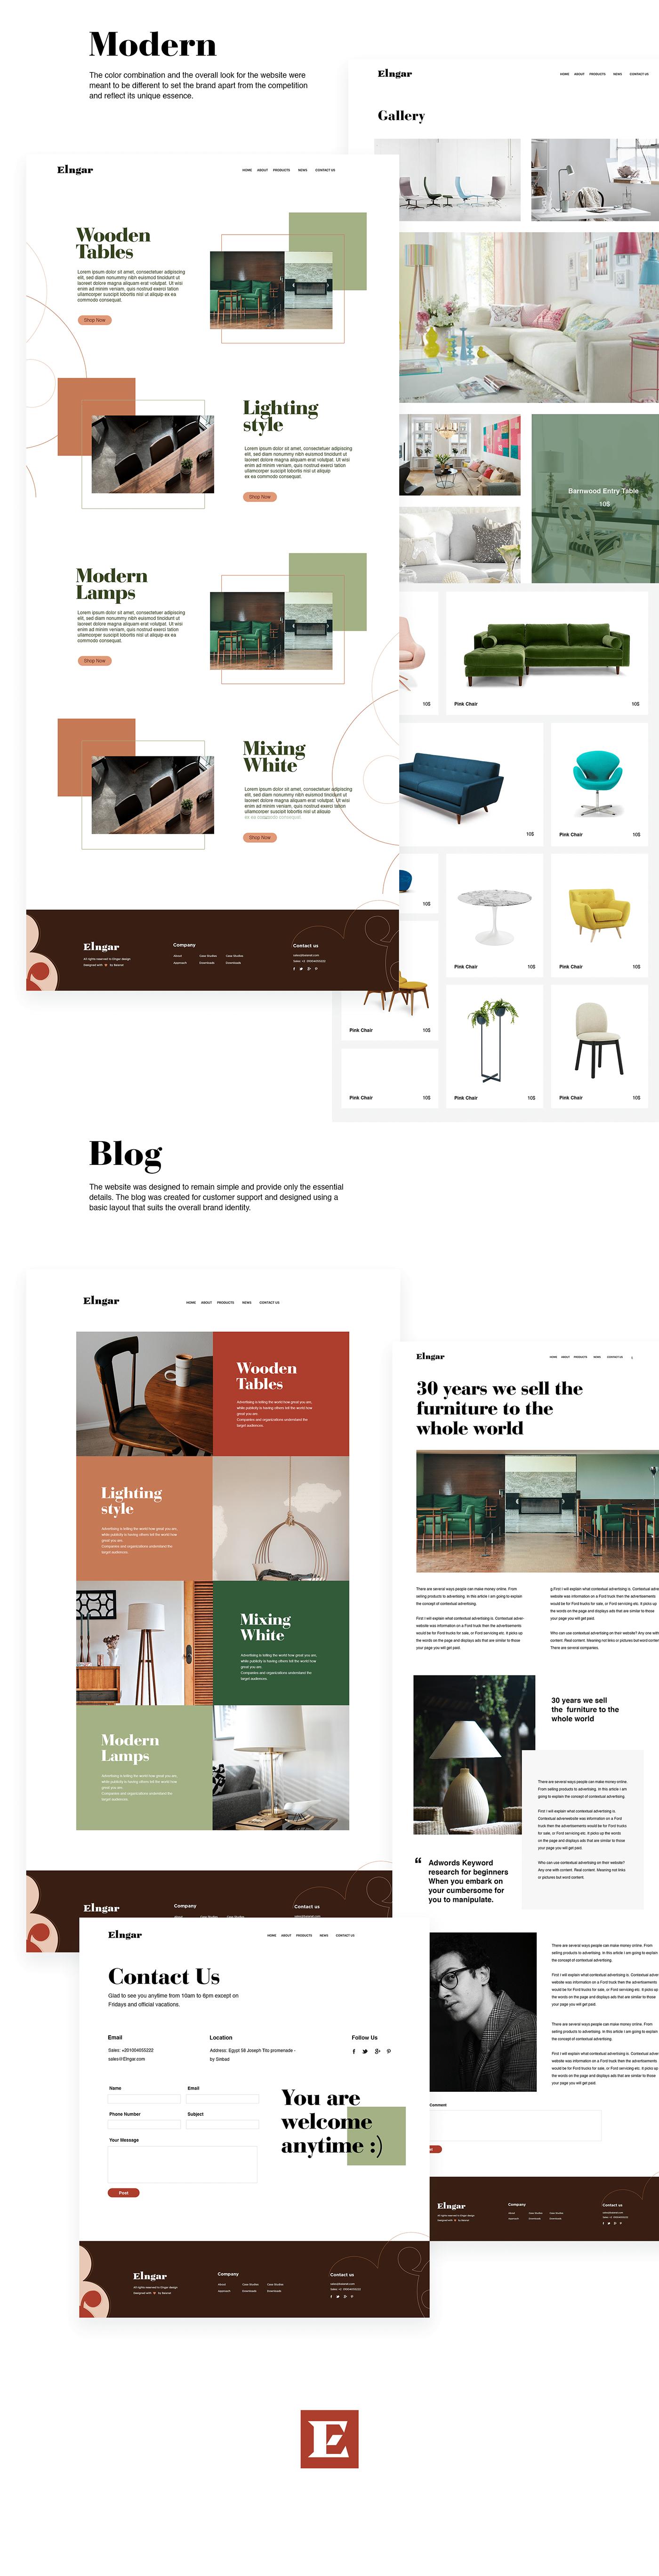 Elngar Brand Identity And Website Design On Behance Website Design Design Ultra Modern Homes
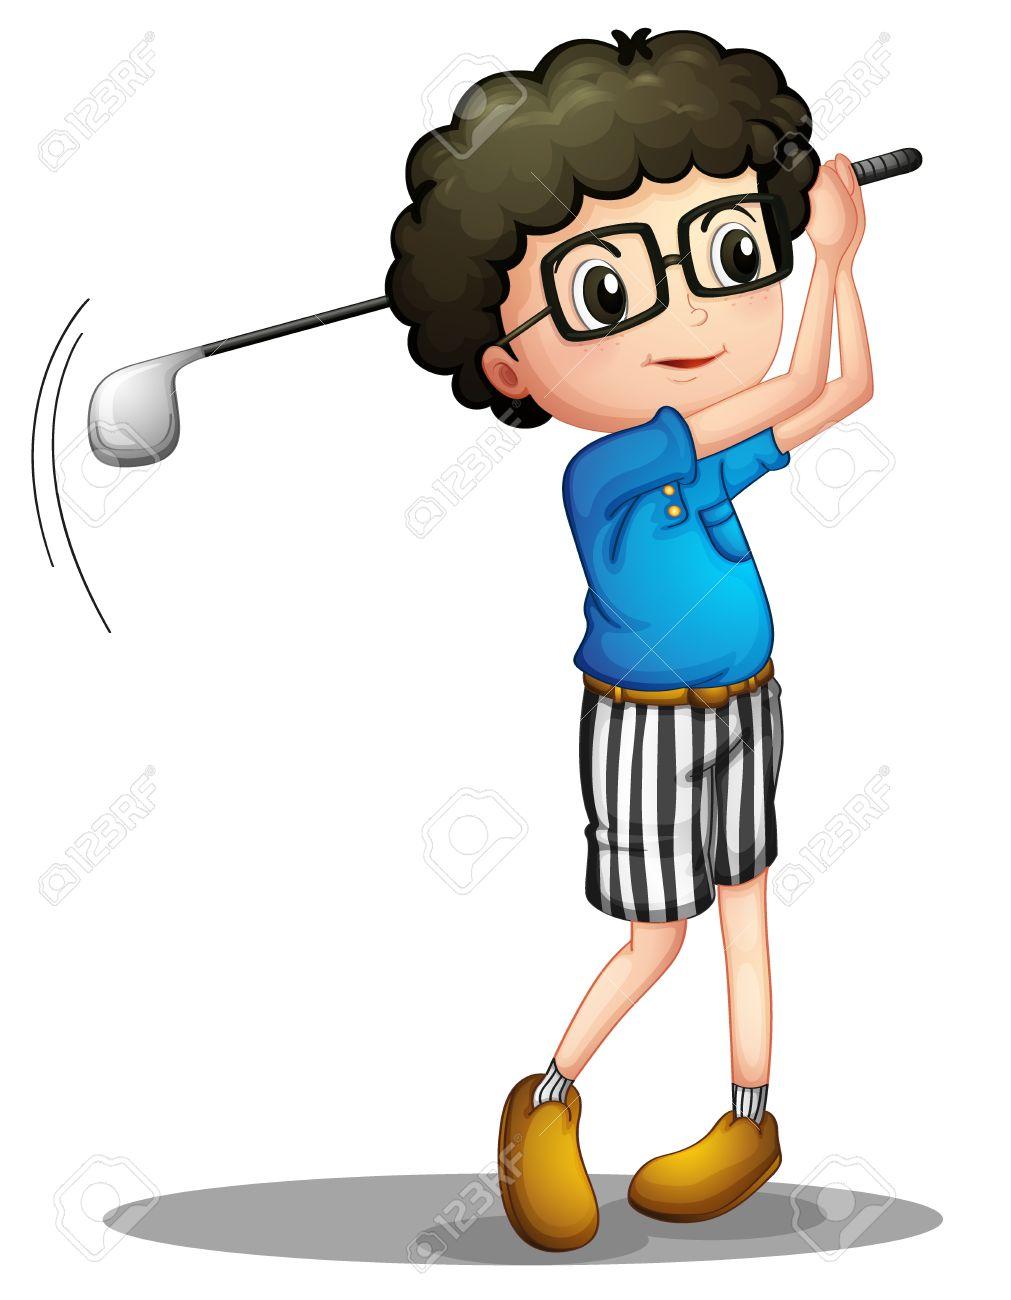 Golf illustration. Golfing clipart free download
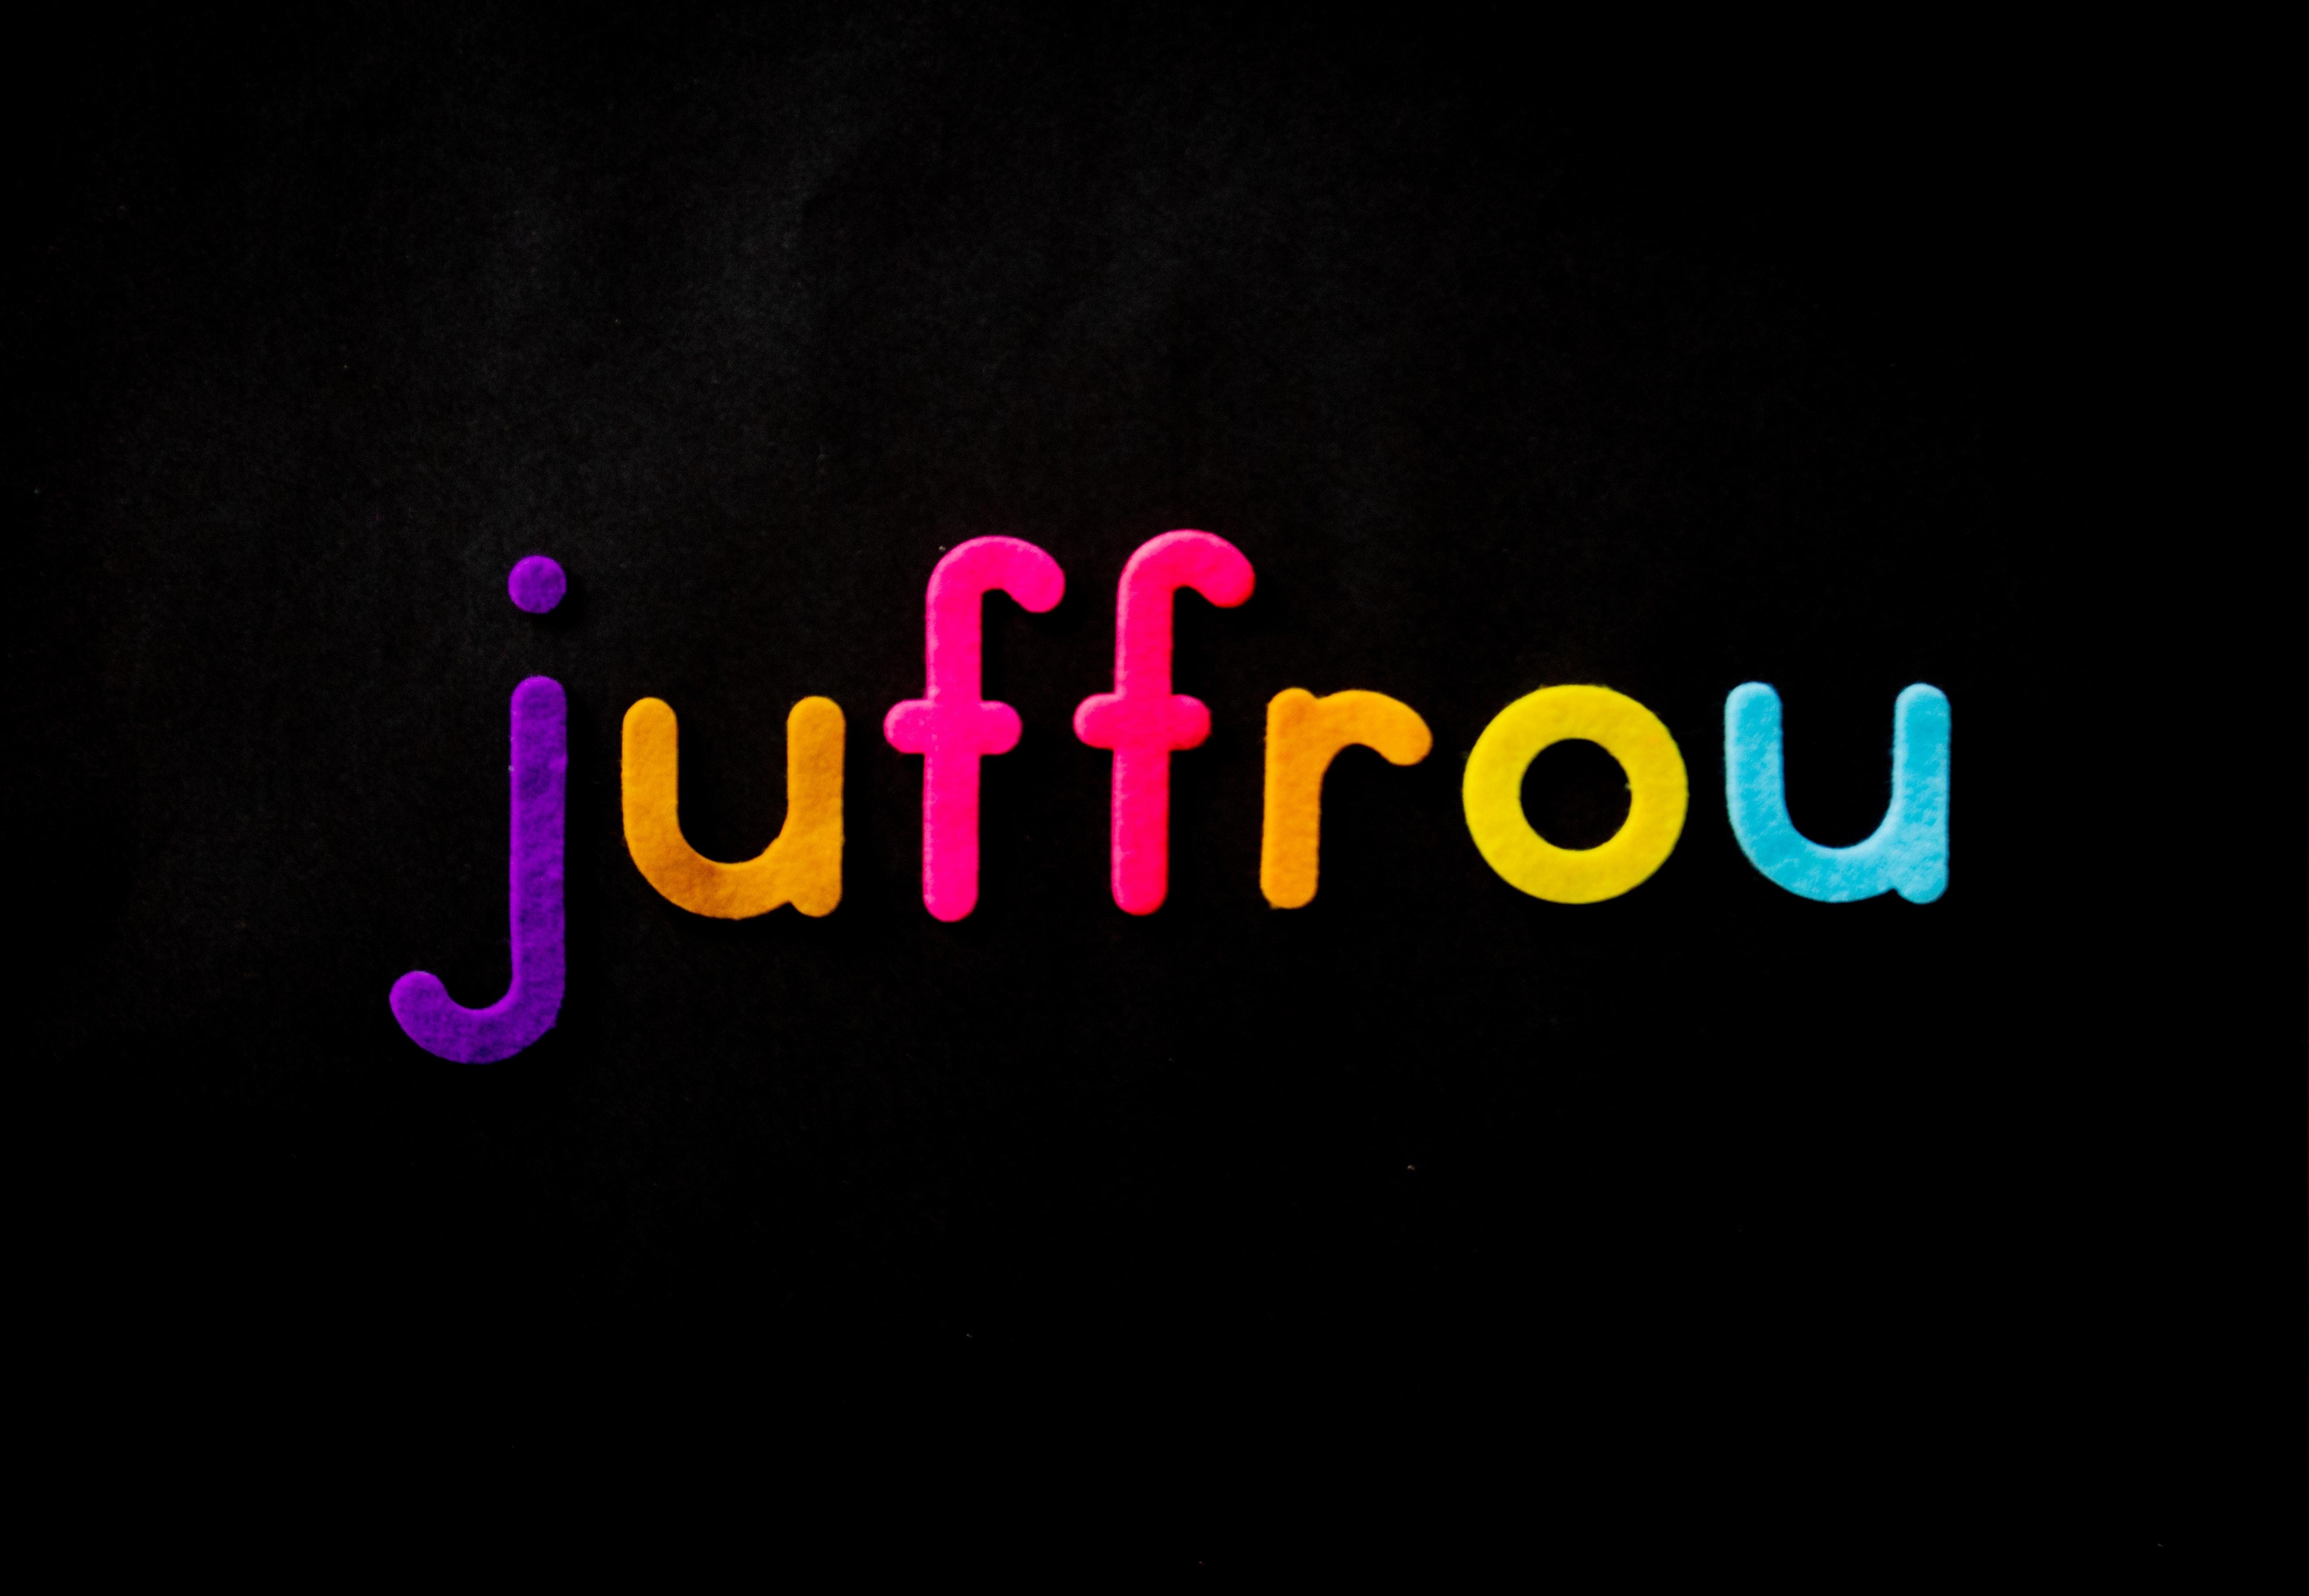 Download 720 Koleksi Background Hitam Kata-Kata Terbaik
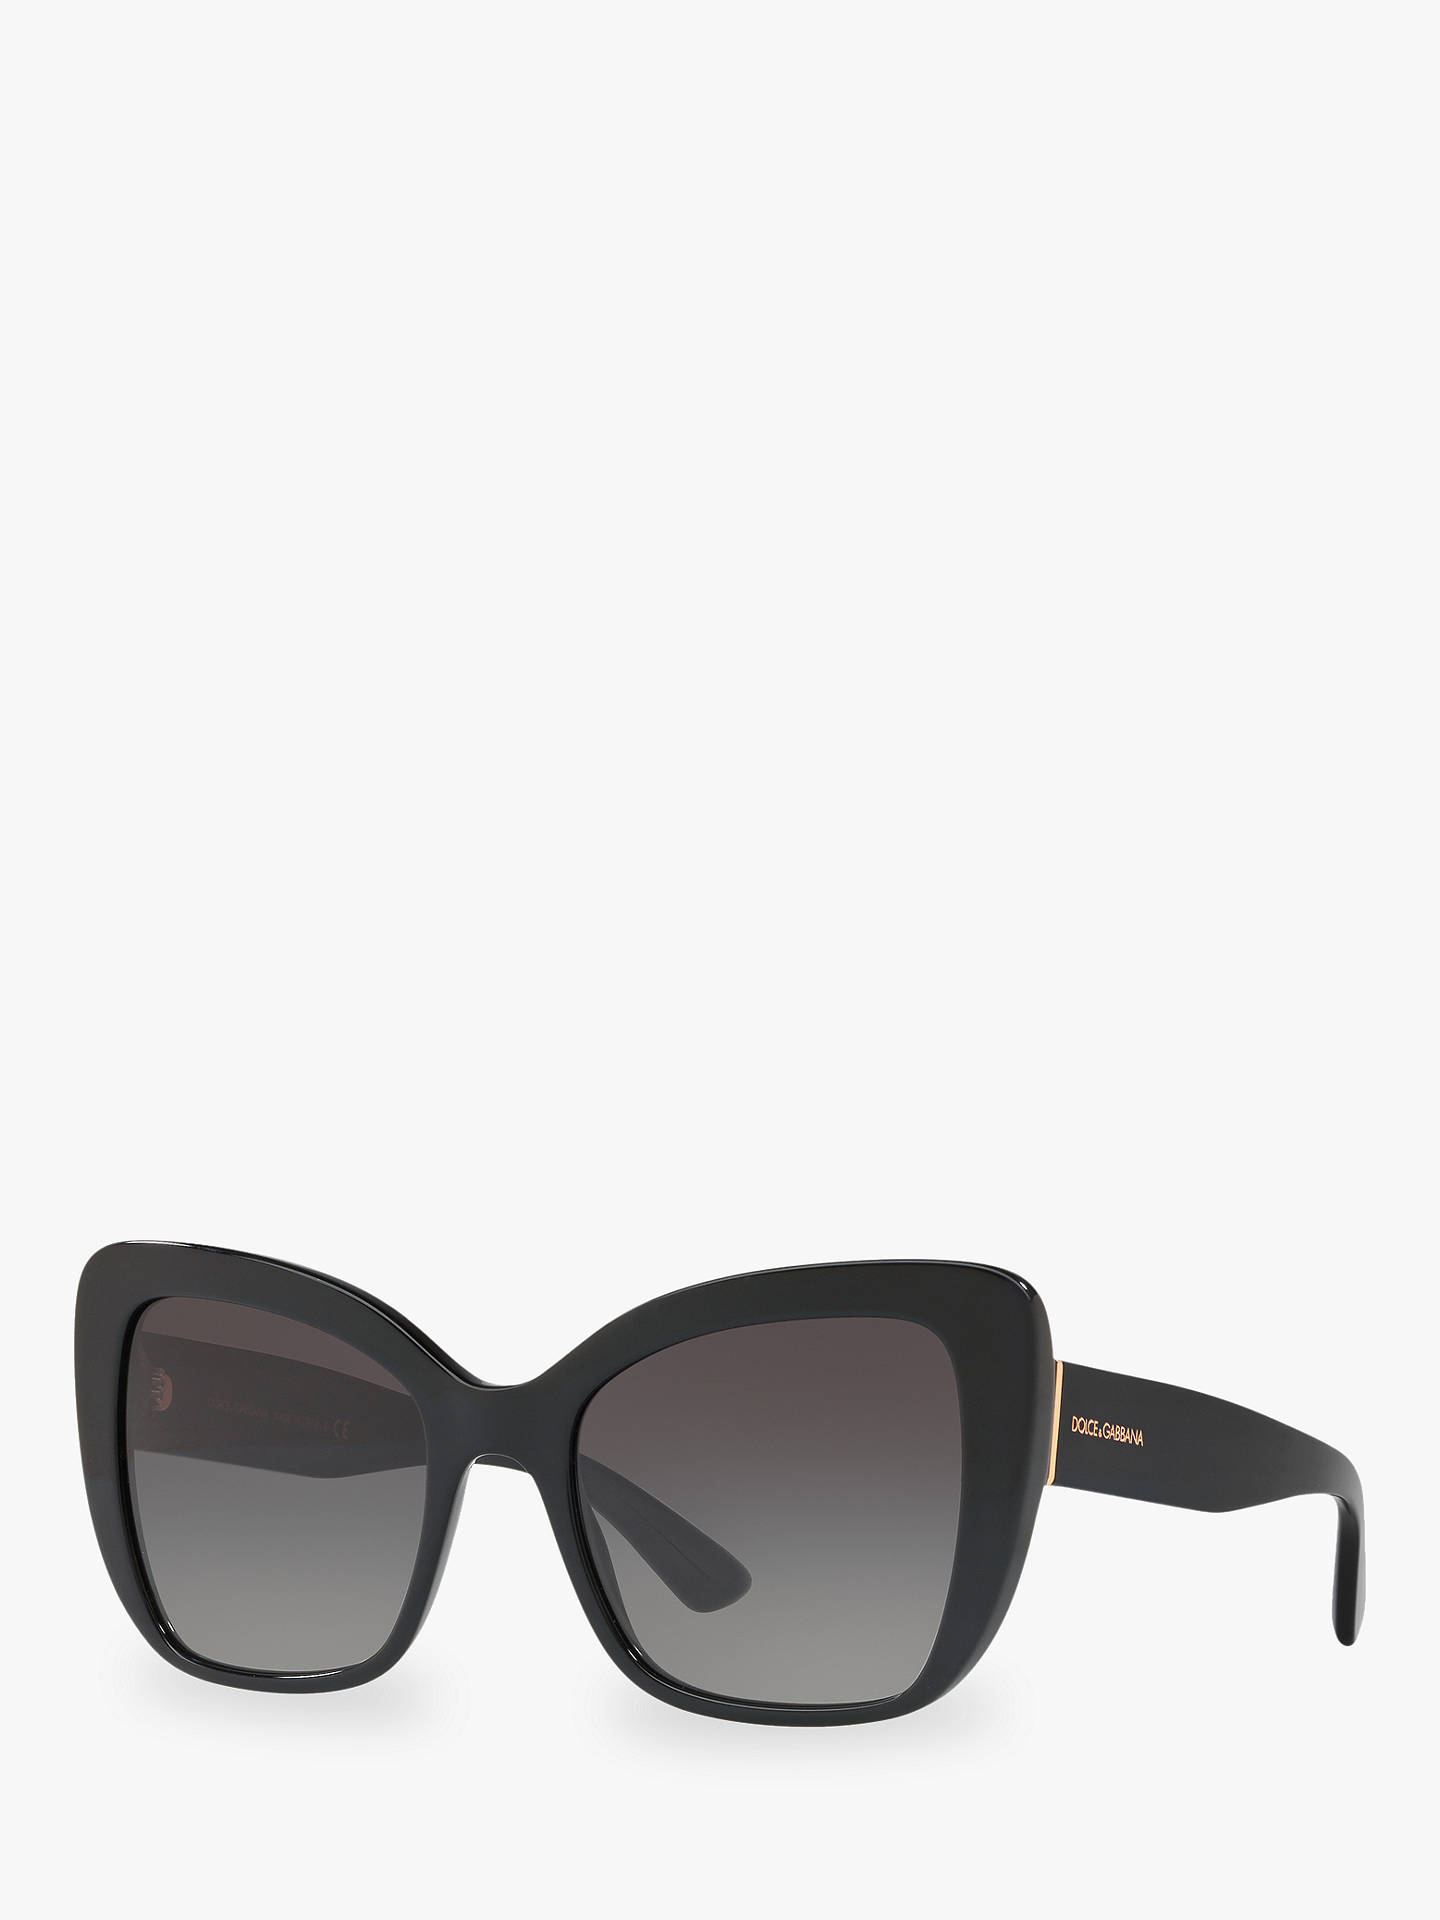 3d041b7a47 Buy Dolce & Gabbana DG4348 Women's Cat's Eye Sunglasses, Black/Grey  Gradient Online at ...

════════════════════

DIRECTIONS FOR THIS TASK - Retype the listing above exactly, please. Pictures do not belong in the copy.

EXERCISE RESULT -
 Elngar Brand Identity And Website Design On Behance Website Design Design Ultra Modern Homes
 Golf illustration. Golfing clipart free download
 Download 720 Koleksi Background Hitam Kata-Kata Terbaik
 3d041b7a47 Buy Dolce & Gabbana DG4348 Women's Cat's Eye Sunglasses, Black/Grey  Gradient Online at ...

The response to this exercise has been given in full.